Long Short-Term Memory (LSTM) neural networks have penetrated healthcare applications where real-time requirements and edge computing capabilities are essential. Gait analysis that detects abnormal steps to prevent patients from falling is a prominent problem for such applications. Given the extremely stringent design requirements in performance, power dissipation, and area, an Application-Specific Integrated Circuit (ASIC) enables an efficient real-time exploitation of LSTMs for gait analysis, achieving high accuracy. To the best of our knowledge, this work presents the first cross-layer co-optimized LSTM accelerator for real-time gait analysis, targeting an ASIC design. We conduct a comprehensive design space exploration from software down to layout design. We carry out a bit-width optimization at the software level with hardware-aware quantization to reduce the hardware complexity, explore various designs at the register-transfer level, and generate alternative layouts to find efficient realizations of the LSTM accelerator in terms of hardware complexity and accuracy. The physical synthesis results show that, using the 65 nm technology, the die size of the accelerator's layout optimized for the highest accuracy is 0.325 mm^2, while the alternative design optimized for hardware complexity with a slightly lower accuracy occupies 15.4% smaller area. Moreover, the designed accelerators achieve accurate gait abnormality detection 4.05x faster than the given application requirement.

Editorial analysis

A structured set of objections, weighed in public.

Desk editor's note, referee report, simulated authors' rebuttal, and a circularity audit. Tearing a paper down is the easy half of reading it; the pith above is the substance, this is the friction.

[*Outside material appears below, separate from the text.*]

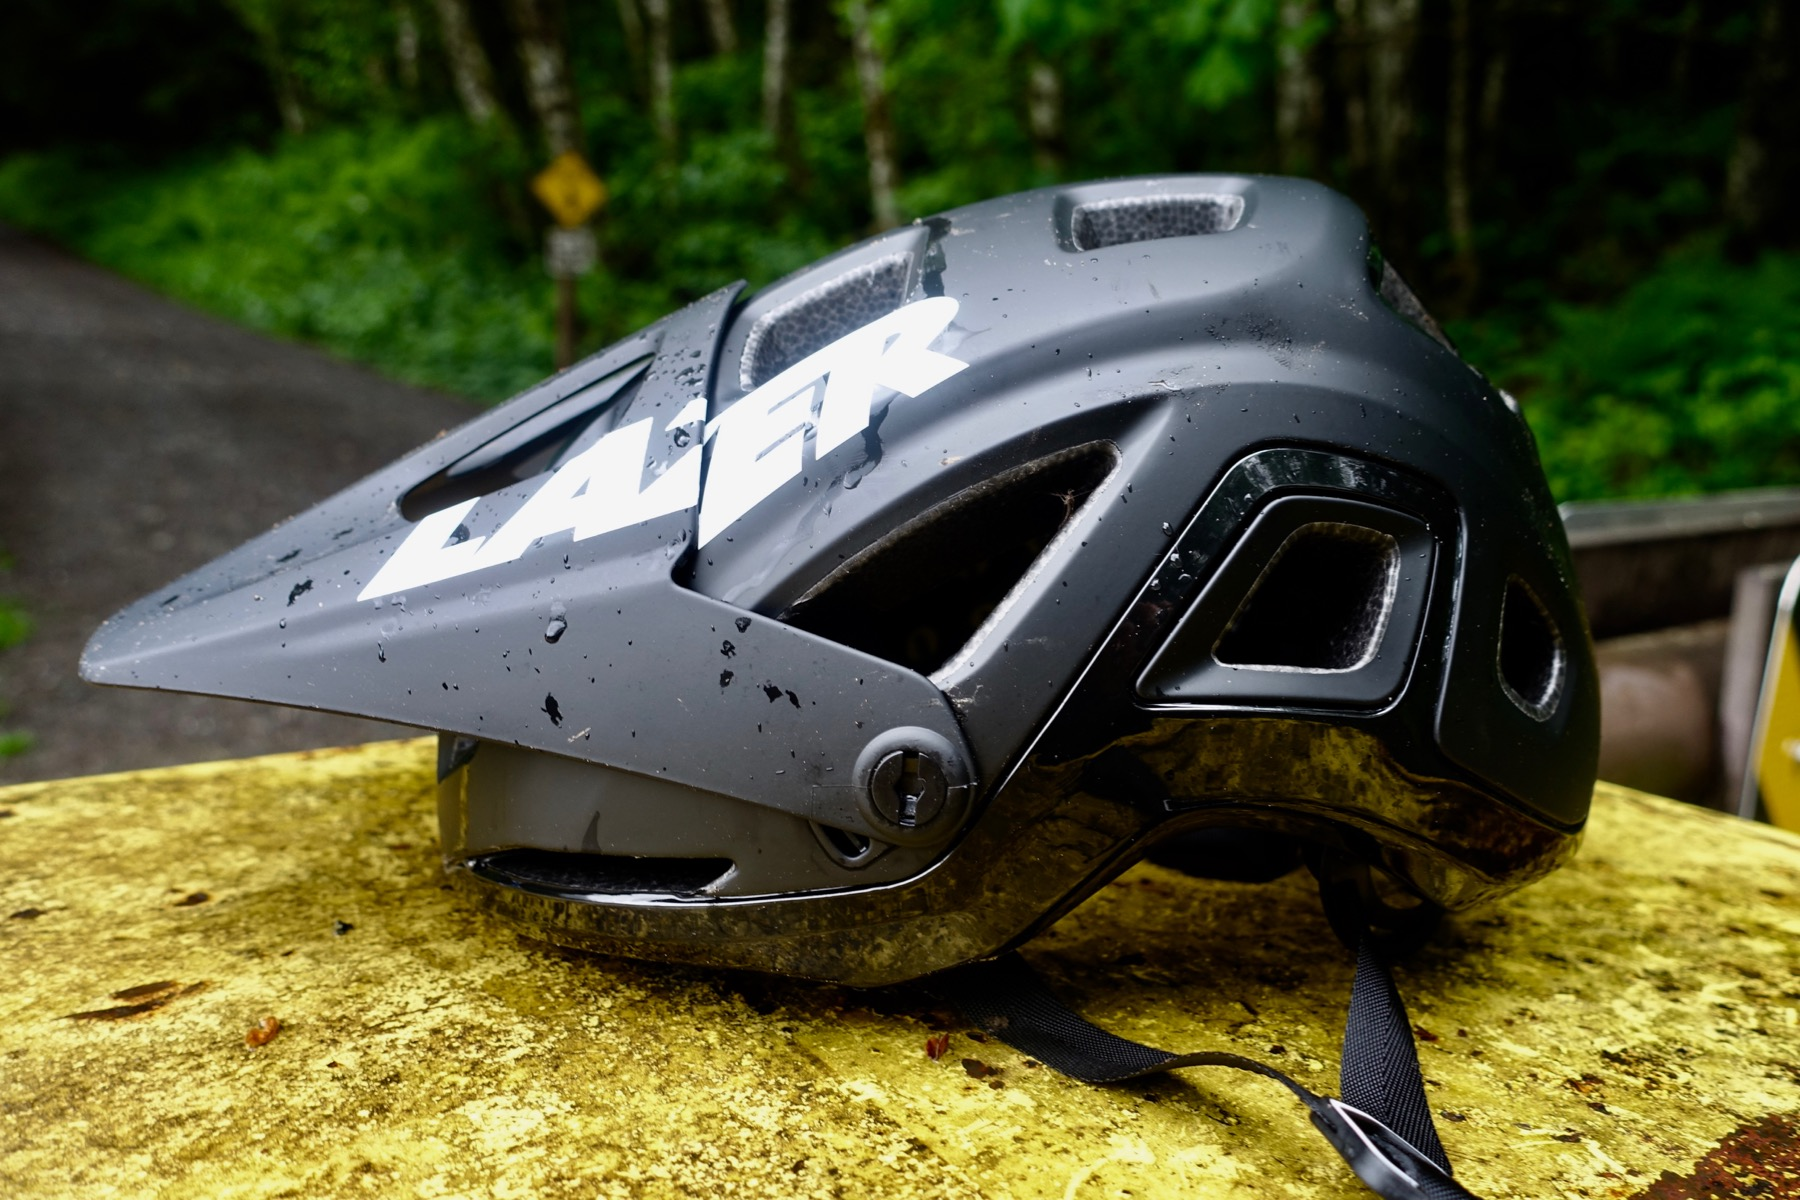 Lazer Impala Mountain Bike Helmet [Review] - Singletracks Mountain Bike News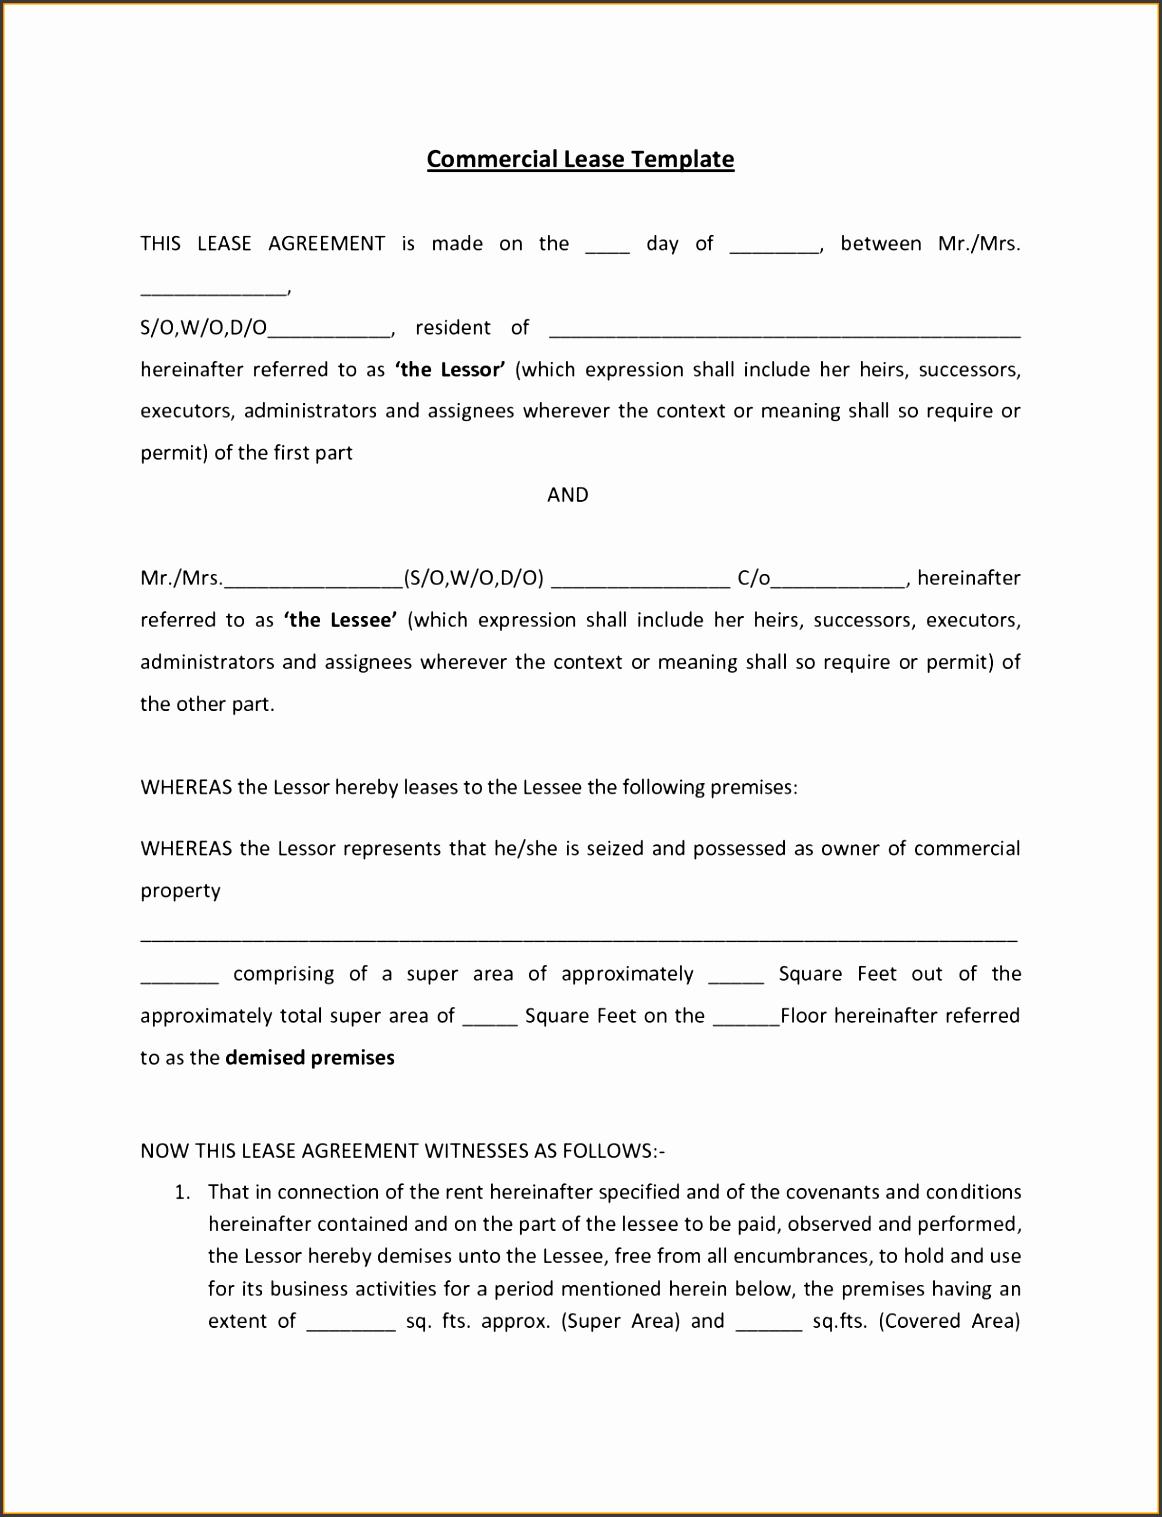 rental agreement invoicee rent bill sample freewordtemplates vehicle rental agreement invoice monthly blank short term avis

Desk Editor's Note private letter to a colleague

The paper delivers a full ASIC flow for an LSTM gait detector with concrete 65 nm area and speedup numbers but provides zero accuracy metrics or validation details to support its claims.

read the letter

The main thing to know is that the authors took an LSTM for gait abnormality detection and ran it through bit-width optimization, RTL exploration, and actual layout generation in 65 nm technology. They end up with two designs: one at 0.325 mm² optimized for accuracy and a second that is 15.4% smaller with a minor accuracy trade-off. Both are reported to run 4.05 times faster than the real-time requirement for the application. That end-to-end cross-layer flow is the concrete output here, and they frame it as the first such co-optimized ASIC for this specific use case.

Referee Report

2 major / 1 minor

Summary. The manuscript presents the first cross-layer co-optimized LSTM accelerator for real-time gait analysis on ASIC. It performs design-space exploration starting with hardware-aware bit-width quantization at the software level, followed by RTL design variants and physical layout generation. In 65 nm technology, the accuracy-optimized layout occupies 0.325 mm² while the complexity-optimized variant is 15.4 % smaller; both are stated to deliver accurate gait-abnormality detection 4.05× faster than the application requirement.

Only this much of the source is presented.